The North Wales Society of Architects (NWSA; ; formerly the North Wales Architectural Society) is one of four branches of the Royal Society of Architects in Wales (RSAW). It was established in 1928 as an independent organisation, becoming a branch of the newly formed Society of Architects in Wales (as the RSAW was initially styled) in 1970 upon the restructuring of the Royal Institute of British Architects (RIBA).

The Society champions better buildings, communities and the environment through architecture and its members.
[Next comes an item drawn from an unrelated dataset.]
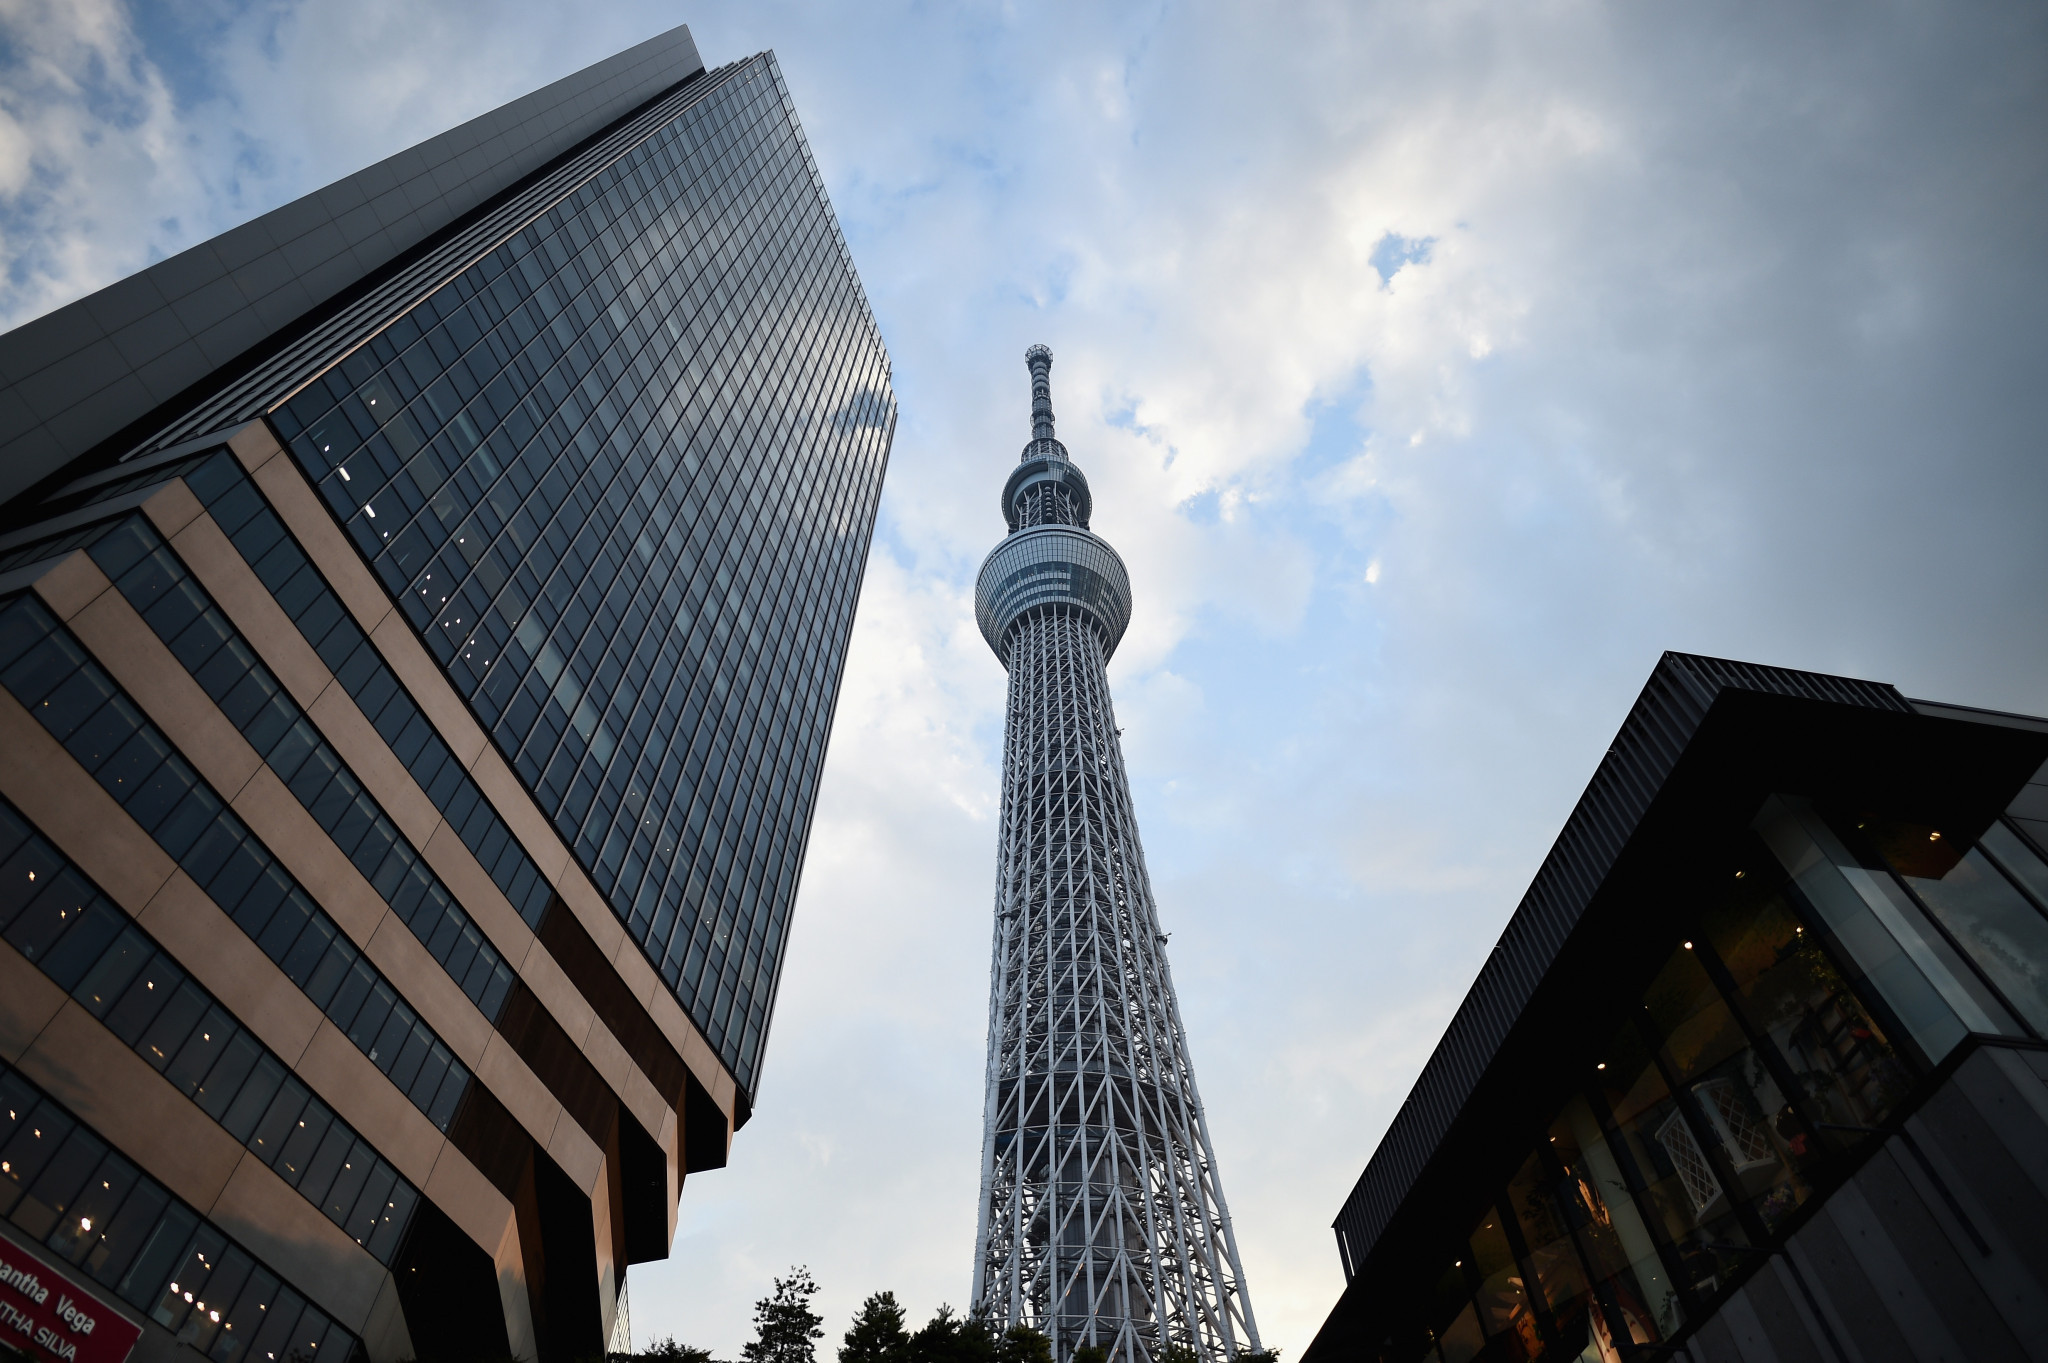 Tokyo 2020 has announced a deal with Tokyo Skytree ©Getty Images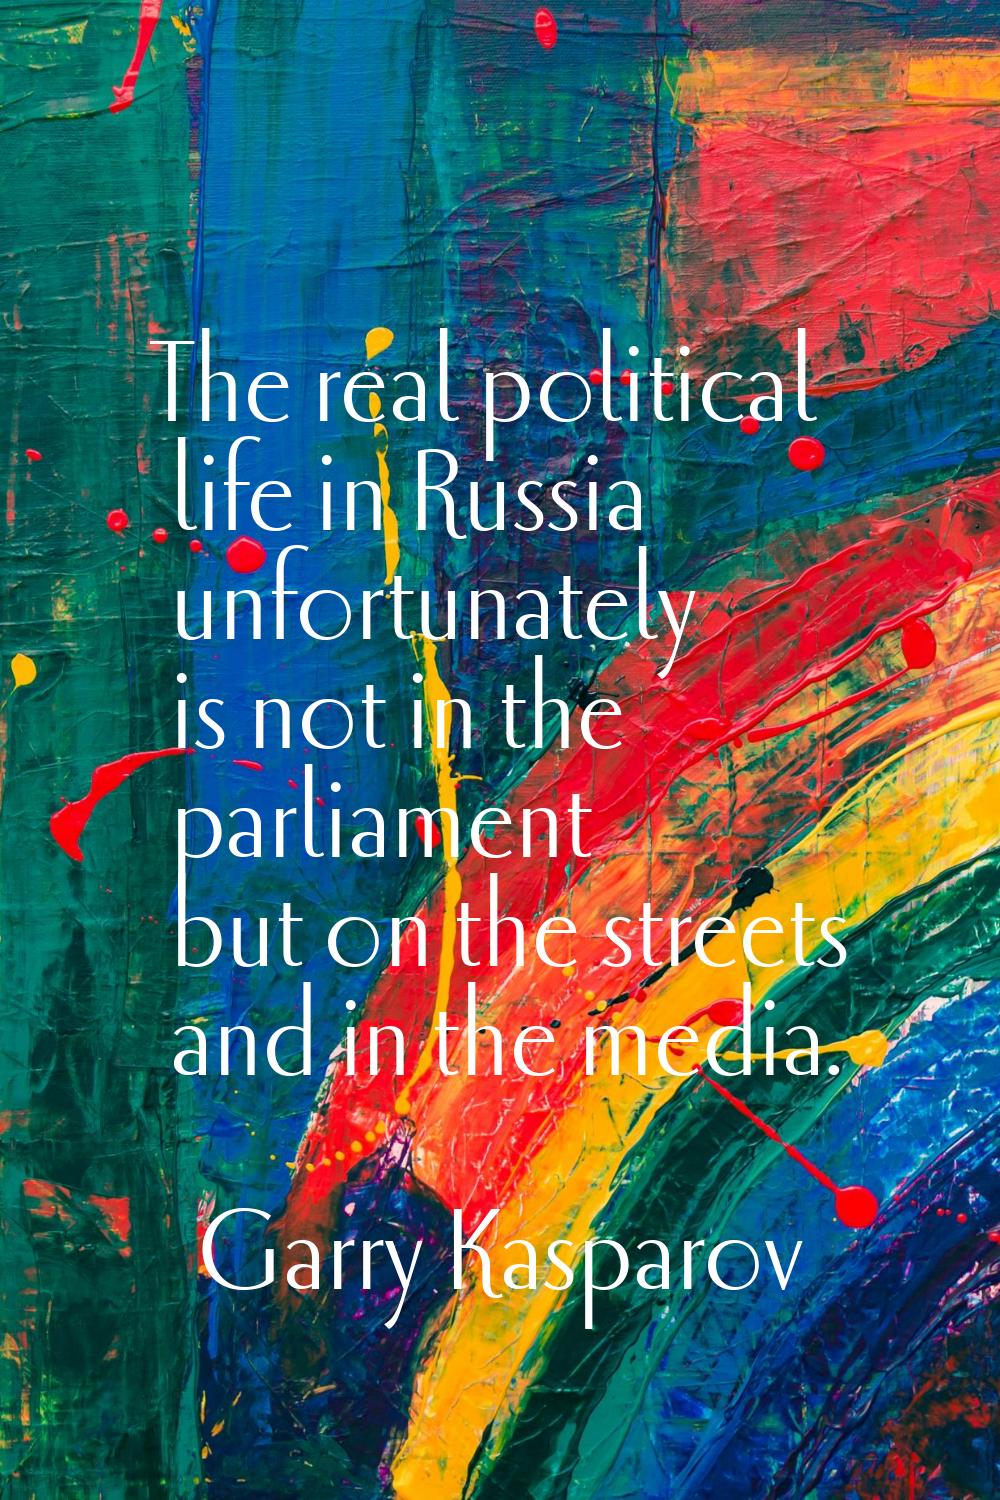 The real political life in Russia unfortunately is not in the parliament but on the streets and in

As of 2014 it represented over 120 chartered architects in the region.

The RSAW is the Wales region of the RIBA. RSAW was granted Royal status by the Privy Council in 1994. The society are also members of the Architects Benevolent Society and provide advice for members in the North Wales area.

Events & publications

The Society is noted as being a particularly active branch of the RIBA and organises an annual series of well-attended building visits and lectures, usually held from early autumn through to late spring. In line with NWSA's ethos of promoting architecture to a wider audience, these events are open to non-members and all with an interest in design and architecture.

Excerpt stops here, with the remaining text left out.